In the entries that follow, find the line containing "String Quintet In C Major, Op. 29 Score" and the line containing "Bodenglück Vinylboden Klebe-Vinyl", then copy exactly everything from the first through the second except the pictures.

§ **Data shown**
--------------------------------------------------

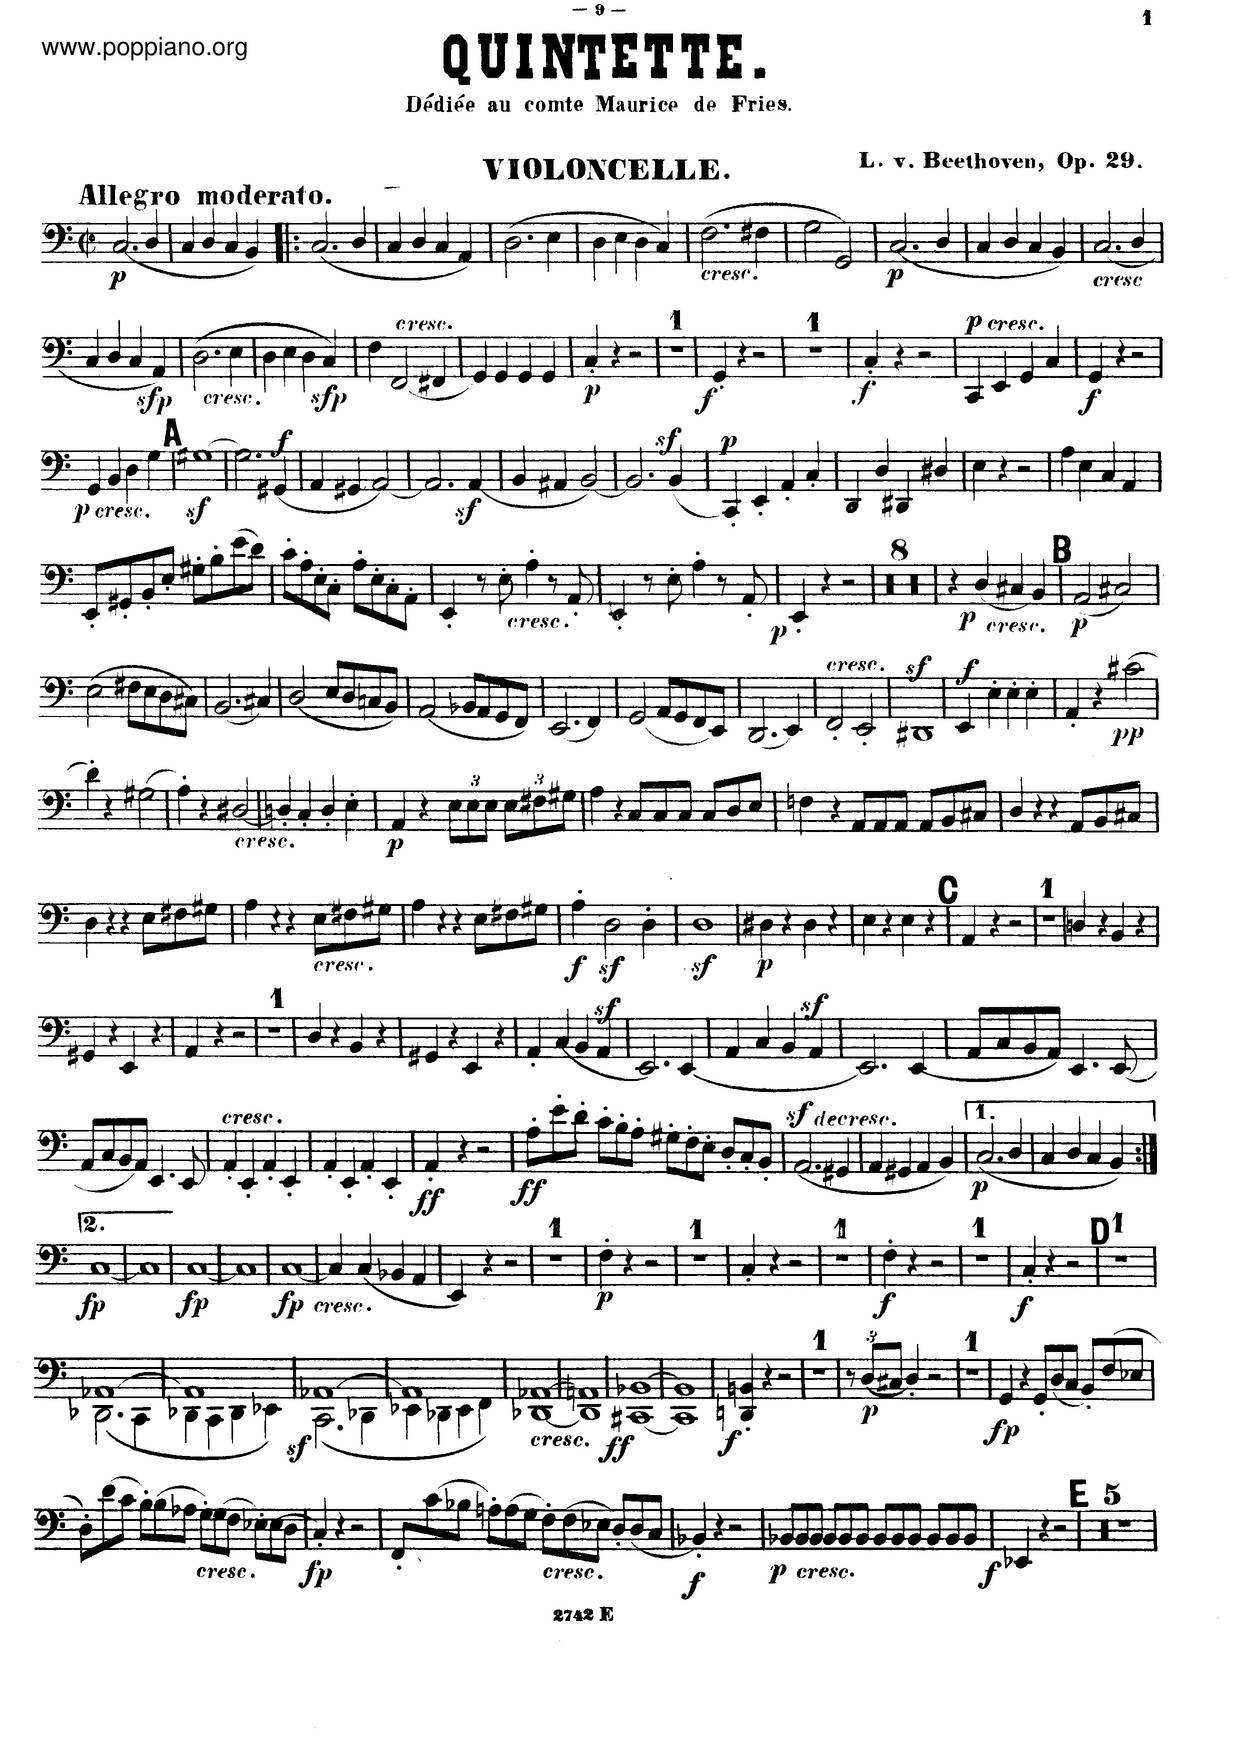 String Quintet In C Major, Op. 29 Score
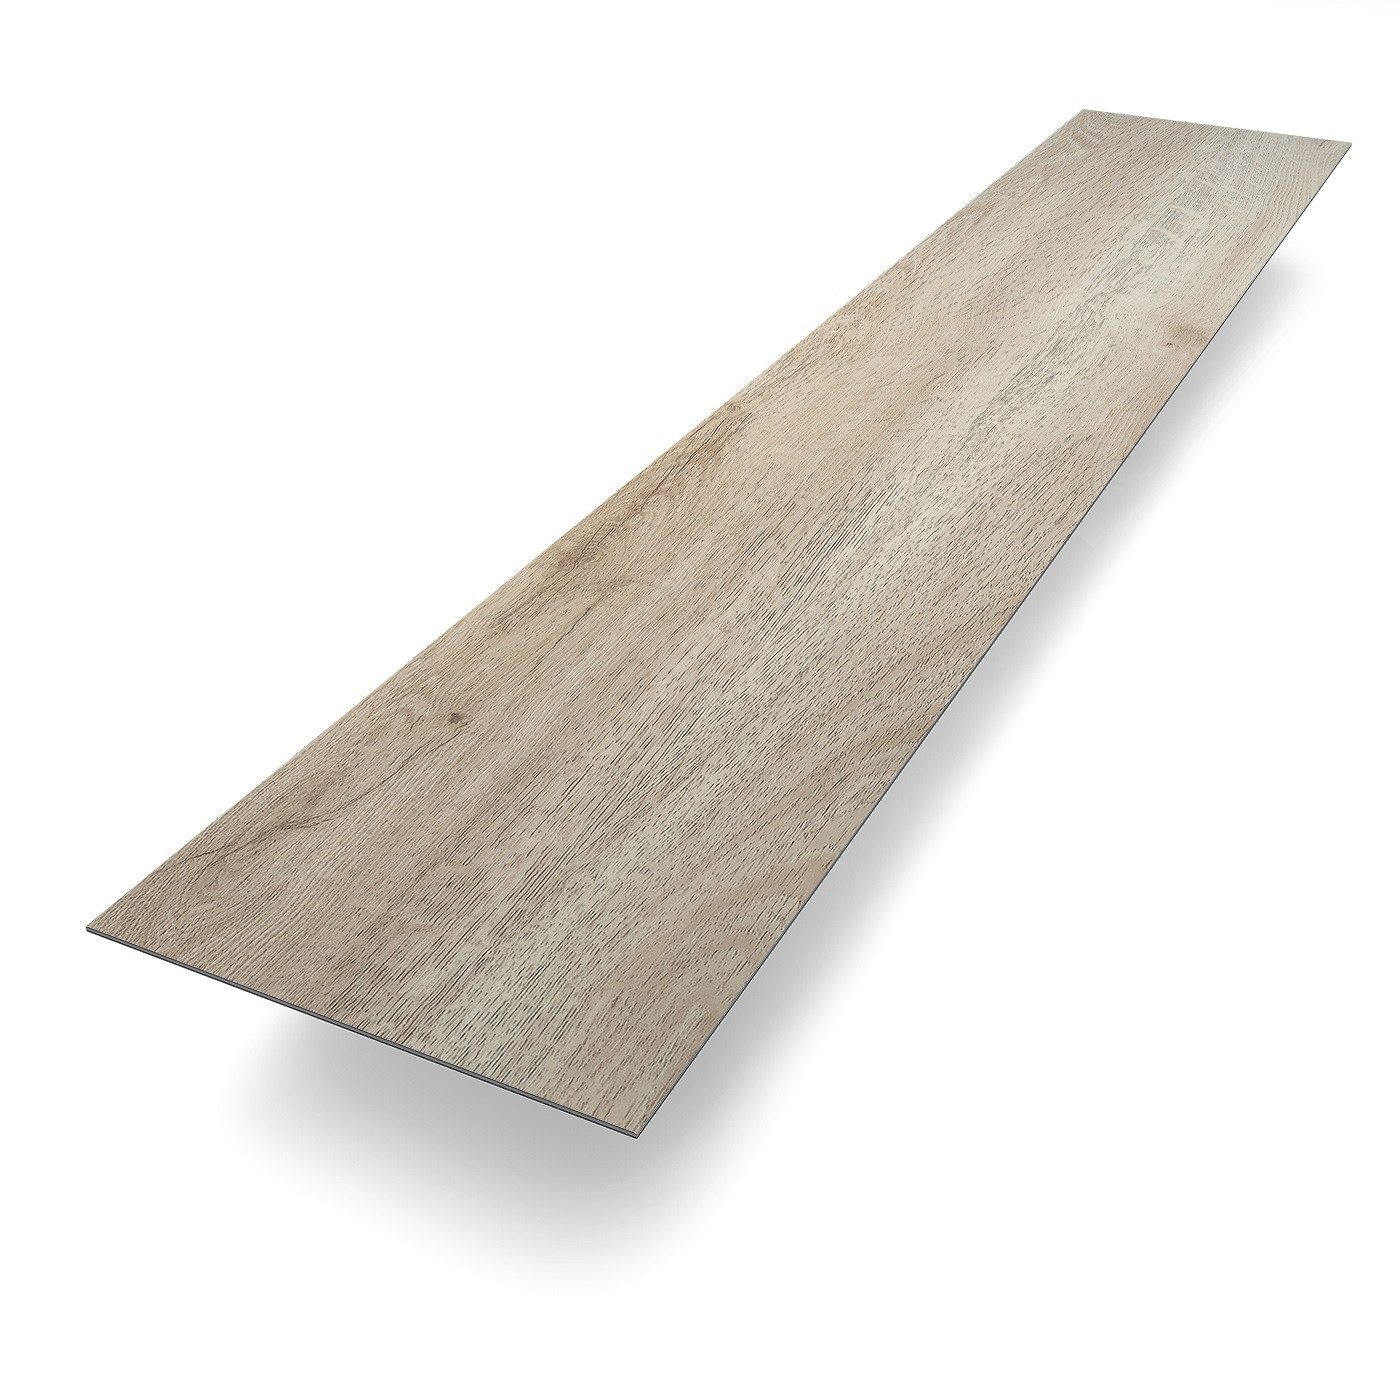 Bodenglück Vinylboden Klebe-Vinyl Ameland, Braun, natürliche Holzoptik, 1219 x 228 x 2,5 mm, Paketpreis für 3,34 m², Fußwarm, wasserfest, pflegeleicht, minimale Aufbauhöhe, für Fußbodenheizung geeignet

--------------------------------------------------

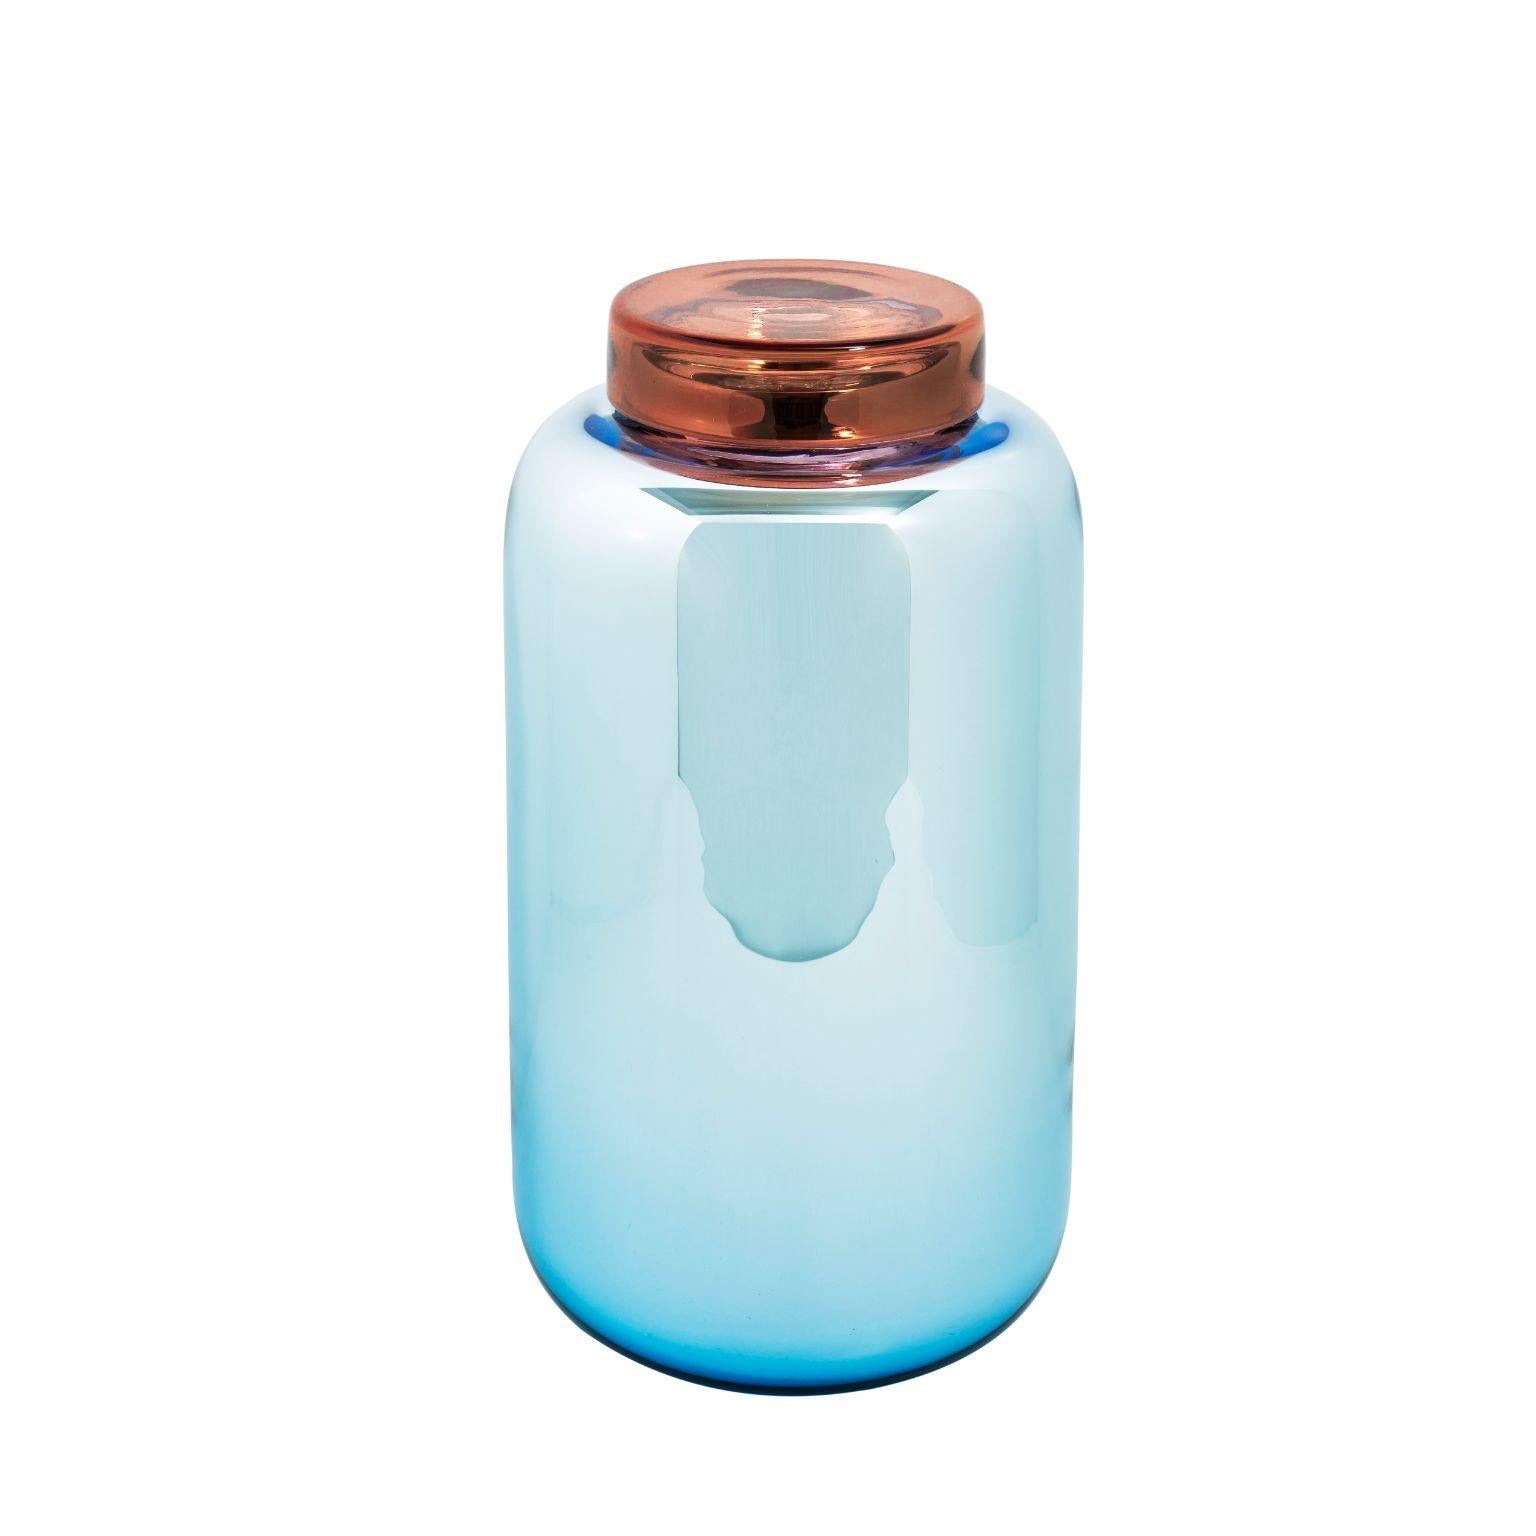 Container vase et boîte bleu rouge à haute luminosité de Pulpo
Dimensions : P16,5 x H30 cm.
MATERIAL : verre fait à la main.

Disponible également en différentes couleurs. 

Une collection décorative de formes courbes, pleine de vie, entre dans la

--------------------------------------------------

§ **Output for this exercise**
 String Quintet In C Major, Op. 29 Score
 Bodenglück Vinylboden Klebe-Vinyl Ameland, Braun, natürliche Holzoptik, 1219 x 228 x 2,5 mm, Paketpreis für 3,34 m², Fußwarm, wasserfest, pflegeleicht, minimale Aufbauhöhe, für Fußbodenheizung geeignet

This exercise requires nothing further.